Irene terdiam di tempatnya. Tidak merespon kalimat Raka yang terkahir. Hanya menggigit bibir bawahnya sembari memainkan jari--merasa bingung. Oh ayolah... Irene tidak tau harus menjawab apa. Jika dia mau maka beberapa saat lagi pasti akan terjadi sesuatu yang di lakukan Diego, yang pastinya akan sangat menakutkan. Tapi... jika dia menolak... Raka pasti memikirkan hal-hal buruk tentangnya.

Baiklah.

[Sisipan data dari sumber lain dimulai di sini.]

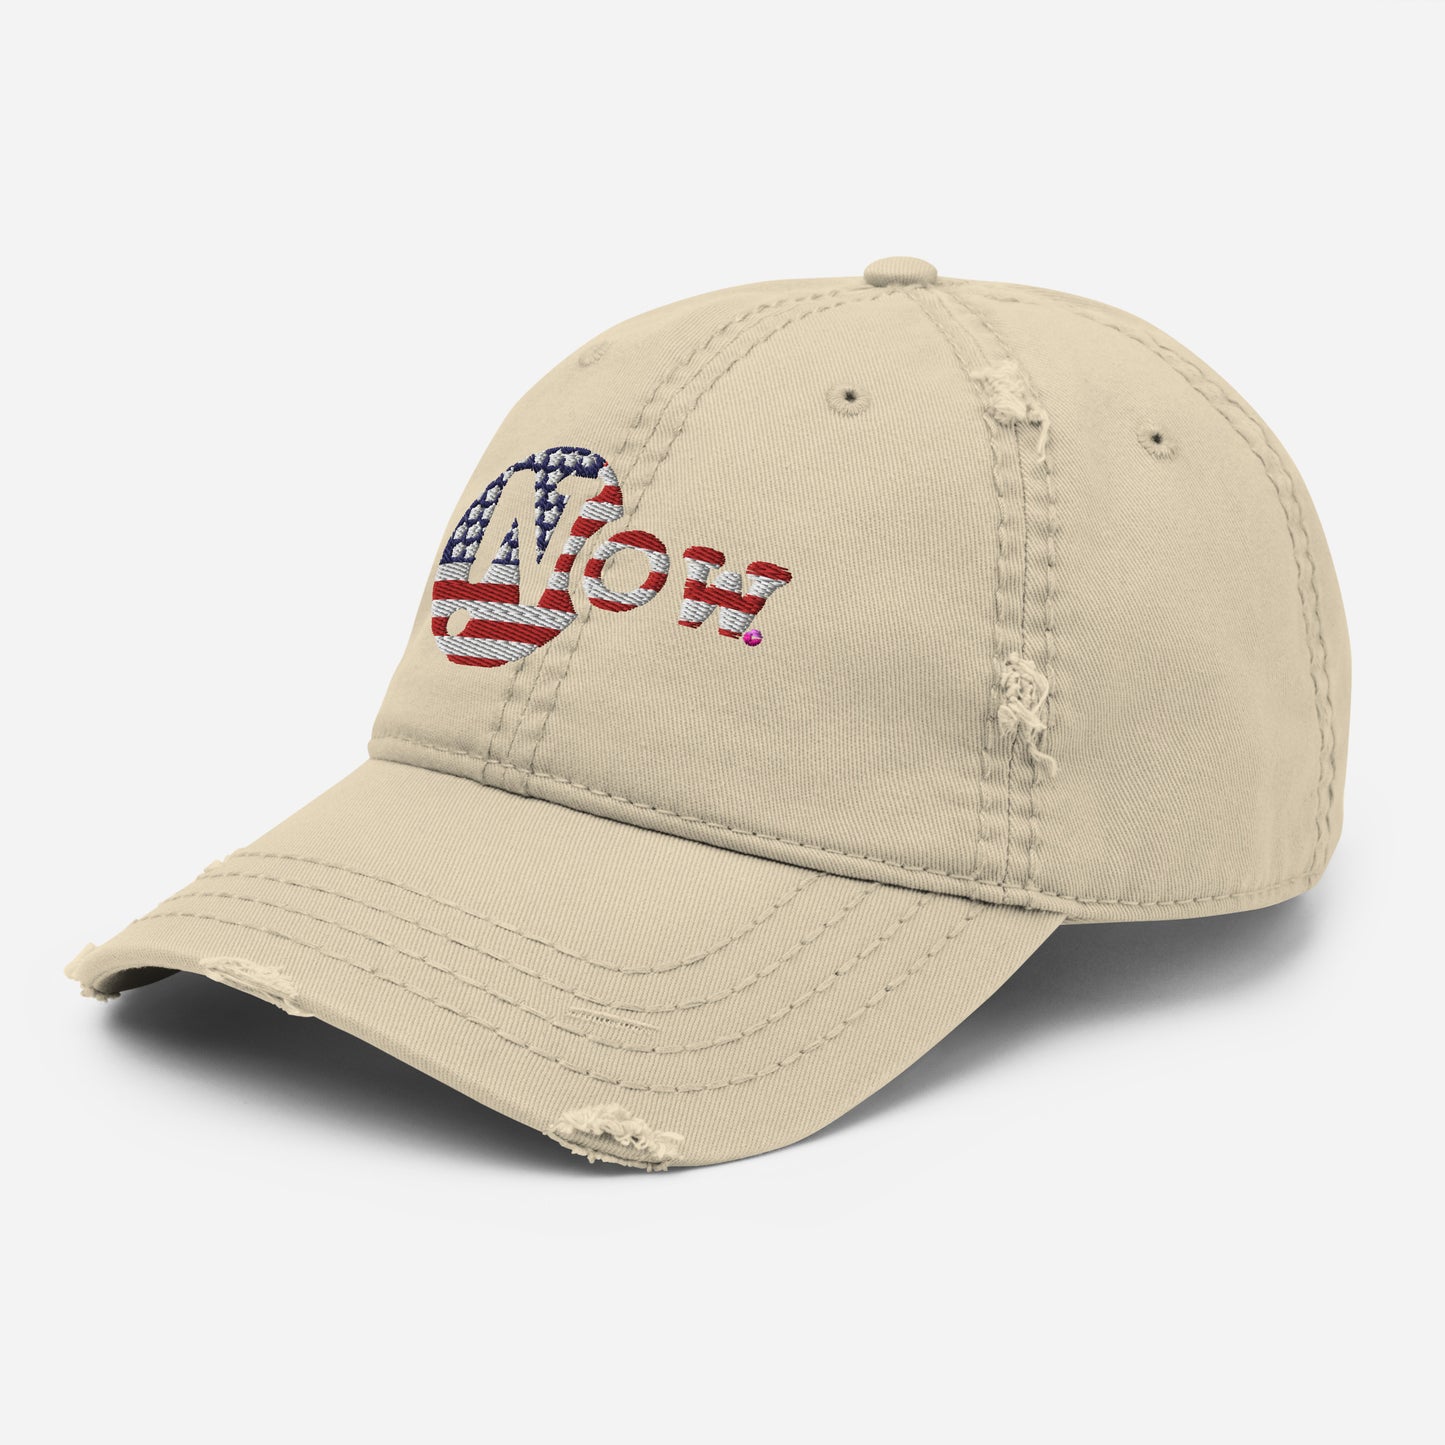 !N Cut Out USA Distressed Dad Hat

Irene tau dia harus melakukan apa.

"Maaf," ucap Irene sungkan. "Ada seseorang yang menunggu saya di rumah. Saya tidak bisa." tolak Irene.

Tanpa menunggu respon dari Raka. Irene mengambil satu langkah mundur, berbalik--hendak menuju mobilnya ketika sebuah tangan mencekalnya. Terkejut. Jemari Raka sudah meraih jemarinya--menautkan tangan mereka. Irene reflek menarik, tapi Raka menahannya--menatap Irene penuh keyakinan.

"Ku mohon, Irene. Kali ini saja," mohon Raka, mata hijaunya berbinar-binar bak anak anjing. Tapi Irene tampaknya sama sekali tidak terpengaruh, melihat sekarang saja Irene menarik tangannya perlahan--hingga cekalannya lepas.

Irene tersenyum canggung. "Saya tidak bisa." ucapnya, lalu menggenggam tangannya sendiri dengan erat--merasa tidak nyaman. Irene memberikan tatapan tidak suka pada Raka. "Jangan buat saya mengulangi perkataan saya. Permisi."

Setelah itu, Irene berlalu dari sana. Memasuki mobil dan menyalakan mesin, kemudian melihat ke arah Raka lewat kaca depan mobilnya. Ternyata laki-laki itu masih disana. Raka berdiri sambil terus menatapnya, tatapannya tidak terbaca.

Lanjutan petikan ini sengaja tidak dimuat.